Nella guerra del Libano del 1982, l’esercito israeliano fece irruzione nell’archivio dell’OLP a Beirut, confiscando numerose bobine di film che ritraggono la vita palestinese. Un nuovo film di Karnit Mandel rivela la sua ricerca per trovare il misterioso filmato
Dieci anni fa, Karnit Mandel ha fatto visita all’Archivio delle forze di difesa israeliane e dell’establishment della difesa a Tel Aviv. All’epoca, Mandel, una esperta investigatrice d’archivio, lavorava come ricercatore sui film documentari. Un giorno, mentre era alla ricerca di vecchi filmati, diede un’occhiata al tavolo accanto. In mezzo a un miscuglio di vecchi disegni e documenti che avevano chiaramente visto giorni migliori, il suo sguardo cadde su una cartella sul tavolo disordinato.
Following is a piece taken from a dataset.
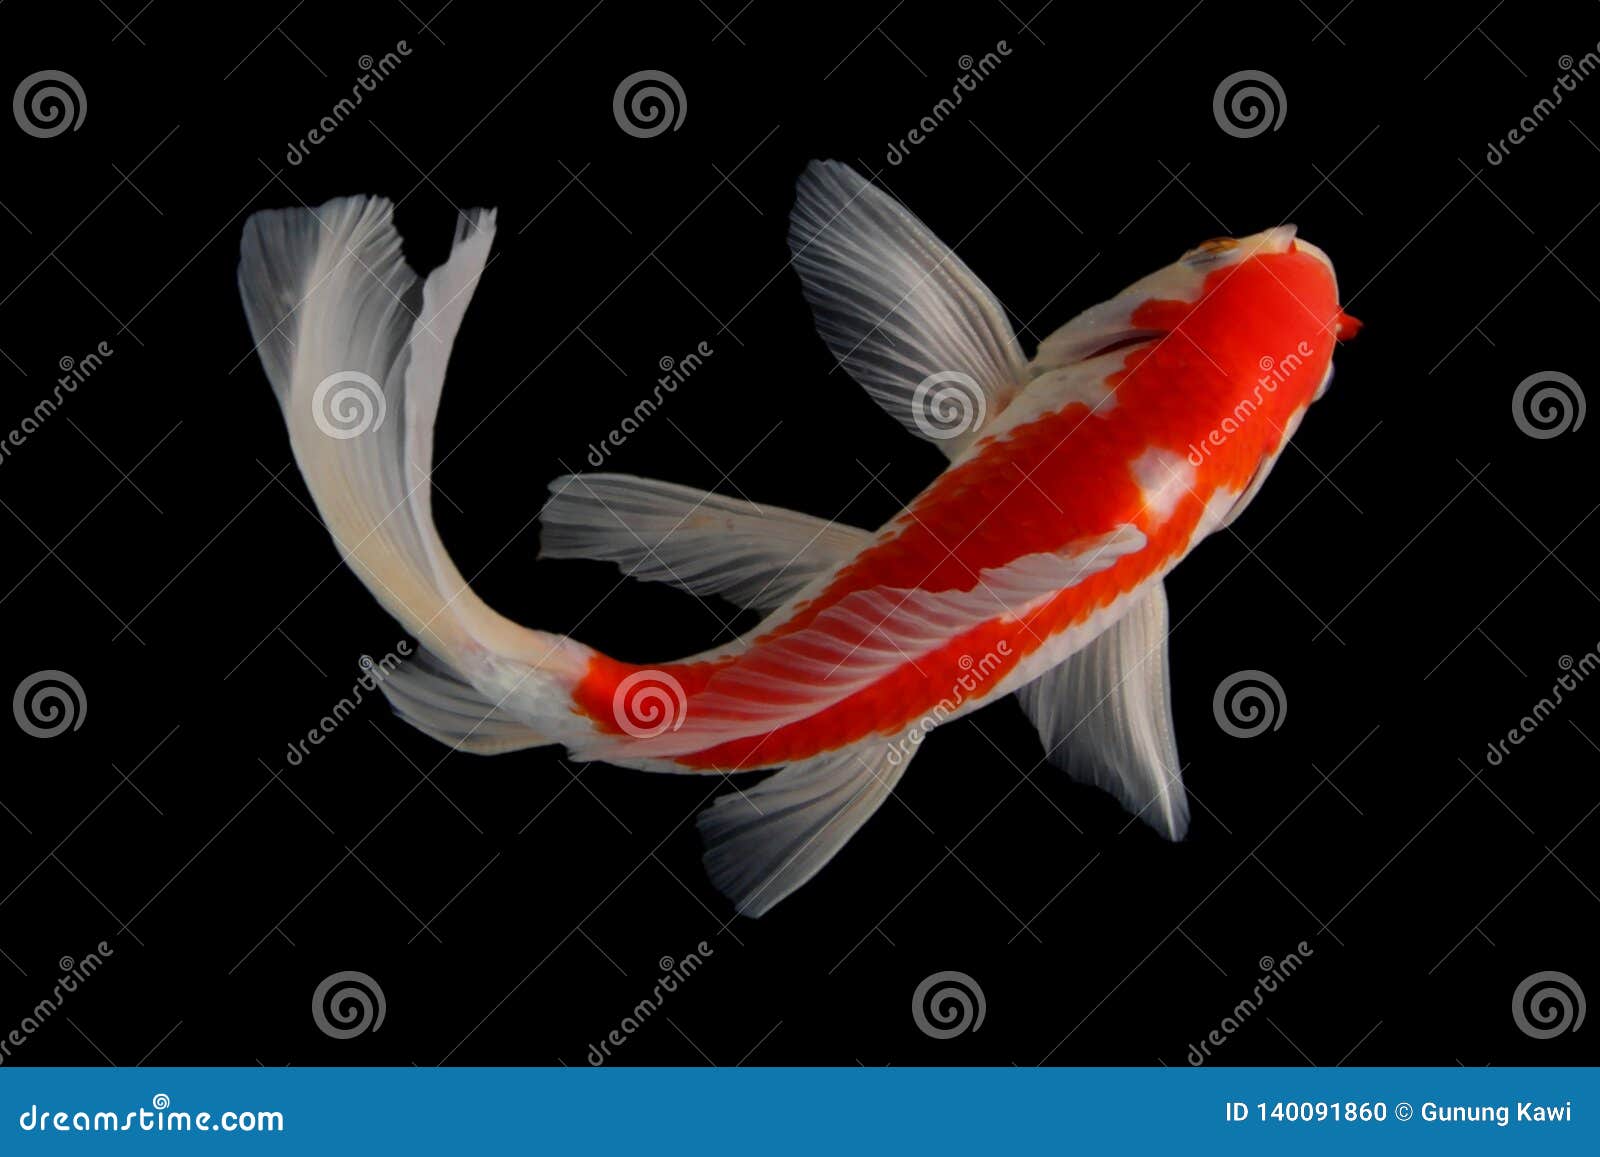 Koi fish Black background stock photo. Image of carp

All’interno c’era un lungo elenco di elementi di una stampante per computer particolarmente antica, con un titolo ebraico difficile da ignorare: “War Booty Films”.
In risposta alla domanda di Mandel, un membro del personale dell’archivio ha spiegato che il file conteneva materiali che erano arrivati da Beirut nel 1982. Ha chiesto se poteva vedere il filmato descritto nell’elenco che ha visto; per questo, avrebbe avuto bisogno di un permesso ufficiale, le è stato detto: devi scrivere una lettera chiedendo di visualizzare i materiali, ha riferito lo staff, e spiegare le tue ragioni. Mandel, che all’epoca era una studentessa magistrale alla scuola di cinema e stava lavorando a un seminario sulla memoria visiva del conflitto israelo-palestinese, oltre a un altro lavoro di ricerca, non si è lasciata scoraggiare dalla burocrazia. Ha inviato una lettera, spiegando che voleva vedere i film per la sua ricerca accademica, e ha aspettato. E ho aspettato.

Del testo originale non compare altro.